Das mag den Konsumenten und auch den Vertrieb freuen, doch wirft es schon ein paar Fragen auf.

Ist unsere Gesellschaft in Zeiten des Folterhorrors a la Hostel und Saw mittlerweile so abgestumpft, dass uns gehäutete, in Bäumen hängende Leichnahme nicht mehr schocken? Oder die "beliebten" Reparaturszenen von Auge und Arm aus Terminator uns nicht mal mehr gähnen lassen? Von dem beachtlichen Bodycount in der Disco und der Polizeistation abgesehen?

Generell finde ich, dass der Gewaltanspruch an das Publikum in den letzten Jahren doch stark angewachsen ist, doch wie ist diese Tendenz zu beurteilen?

Als Folge dessen könnten Filme mit doch stark blutigem Inhalt bald im frühen Abendprogramm laufen, wo sie meiner Meinung nach nicht hingehören, auch wenn die privaten und öffentlichen Sendern dort doch meist Ihrer Pflicht zur Zensur (zum Leidtragen des Konsumenten und Wohle der Kinder) nachkommen!

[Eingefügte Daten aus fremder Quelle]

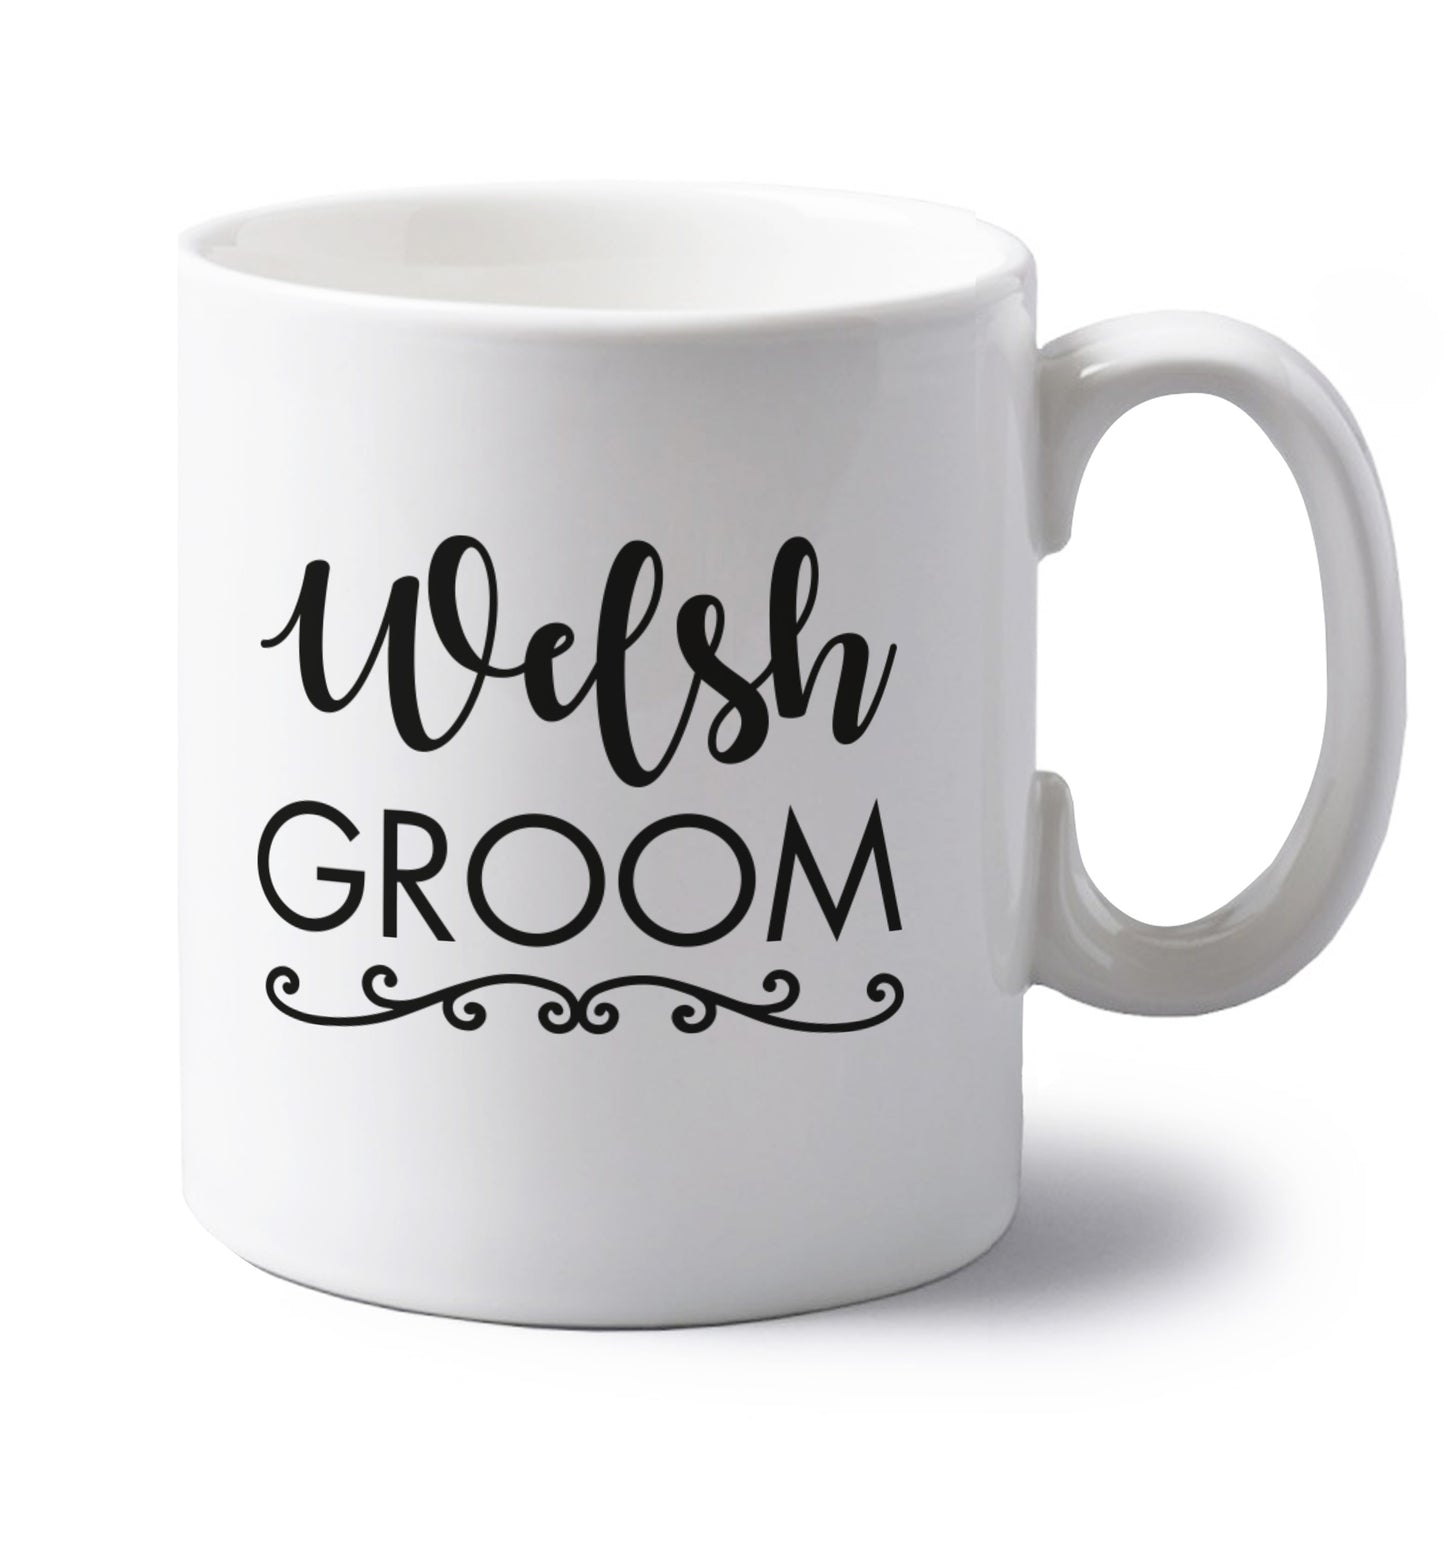 Welsh groom left handed white ceramic mug

Ich finde es generell gut "alte Schinken" mit der sich wandelnden Ansicht zum Thema "Gore" neu zu beurteilen - man entwickelt sich ja weiter - doch möchte ich dann manchmal nicht absehen, wo es endet, wenn diese Streifen vom Index auf eine FSK 16 eingestuft werden!

Es war und ist schließlich auch Privileg des DVD / Blu-Ray Besitzers indexierte Streifen im Regal uncut stehen zu haben!

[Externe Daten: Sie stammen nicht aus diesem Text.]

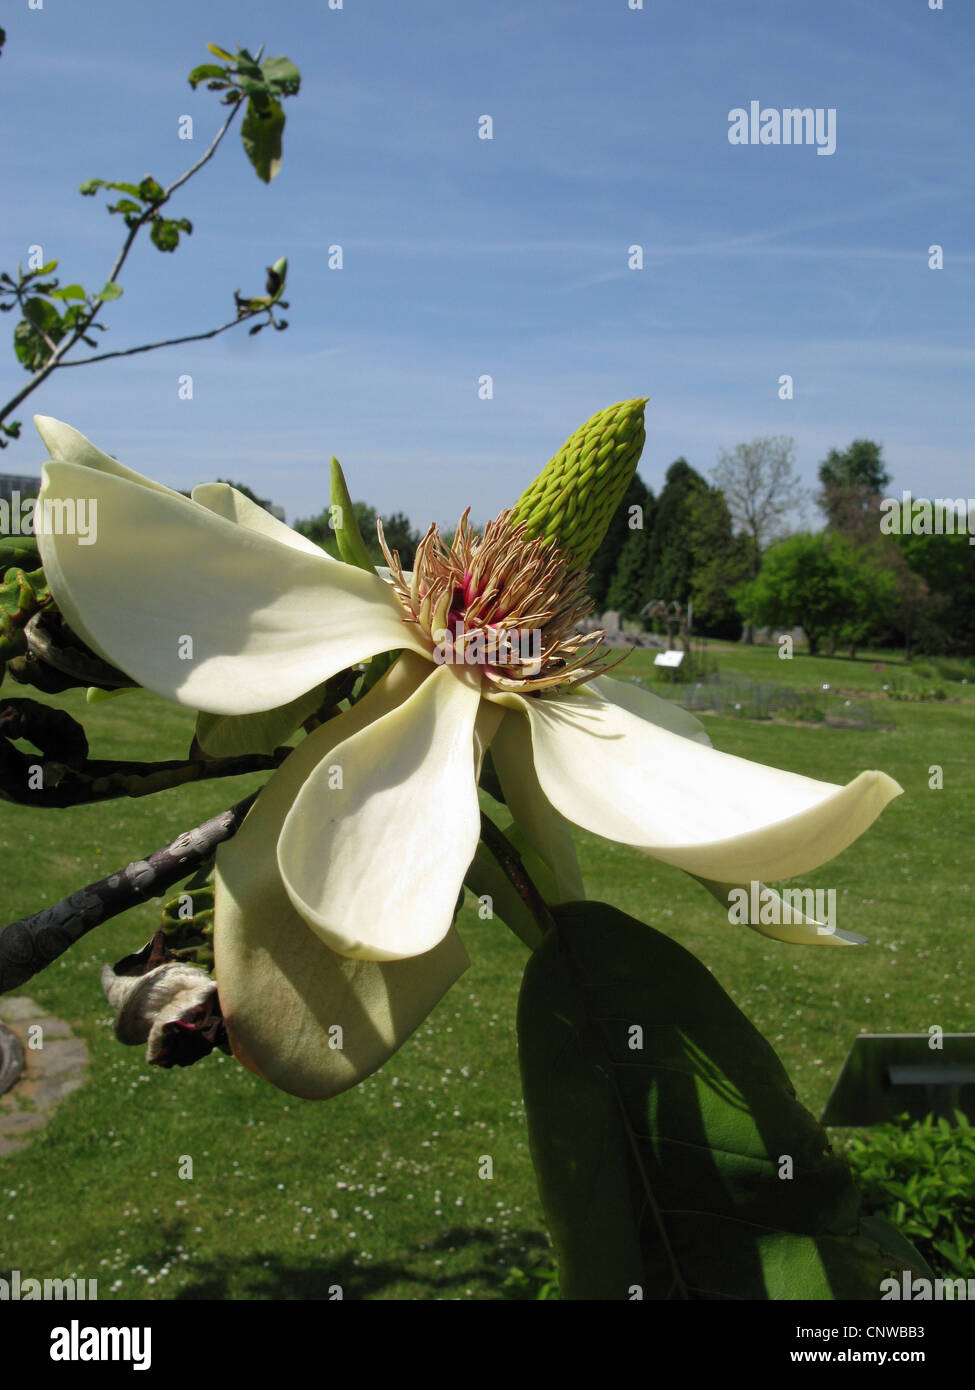 Japanese Bigleaf Magnolia, Japanese whitebark magnolia (Magnolia obovata, Magnolia hypoleuca), flower Stock Photo

Wie steht Ihr denn zu solchen Wandlungen der BJPM (Bundesprüfstelle für jugengefährdende Medien)?


Liebe Grüße,


FilmFan Muli (uncut)


----------



## Q (7 Okt. 2010)

Ich denke, das die Einstufungen der FSK generell kritisch zu sehen sind. Warum härteste Gewalt eher zu ertragen sei für Kinder und Jugendliche als sanfter Sex oder Nacktheit, entzieht sich meinem Verstand.
Wenn man sich die Liste der FSK 12 Filme mal ansieht, kann man sich oft nur gruseln. In der Online-Version der FAZ Sonntagszeitung ist da ein besorgniserregender Bericht zu lesen.
"Im Film „Das Leben des David Gale“ etwa kämpft eine nackte Frau, mit Handschellen hinter dem Rücken und einer Plastiktüte über dem Kopf, auf dem Fußboden vergeblich gegen den Erstickungstod. In „Elementarteilchen“ schaut ein Mann seiner Freundin in die Augen, während sie in einem Swingerclub Sex mit einem anderen Mann hat. Und in „Der fremde Sohn“ werden kleine Jungen mit dem Hackebeil abschlachtet."

... und Schlimmeres. Das hat nicht unbedingt was mit Sinn und Verstand zu tun.

Nur um einen kleinen Eindruck aus dem Kontinuum zu geben 

Beste Grüsse

*Q (cut)*


----------



## Punisher (7 Okt. 2010)

Die FSK ist überflüssig.


----------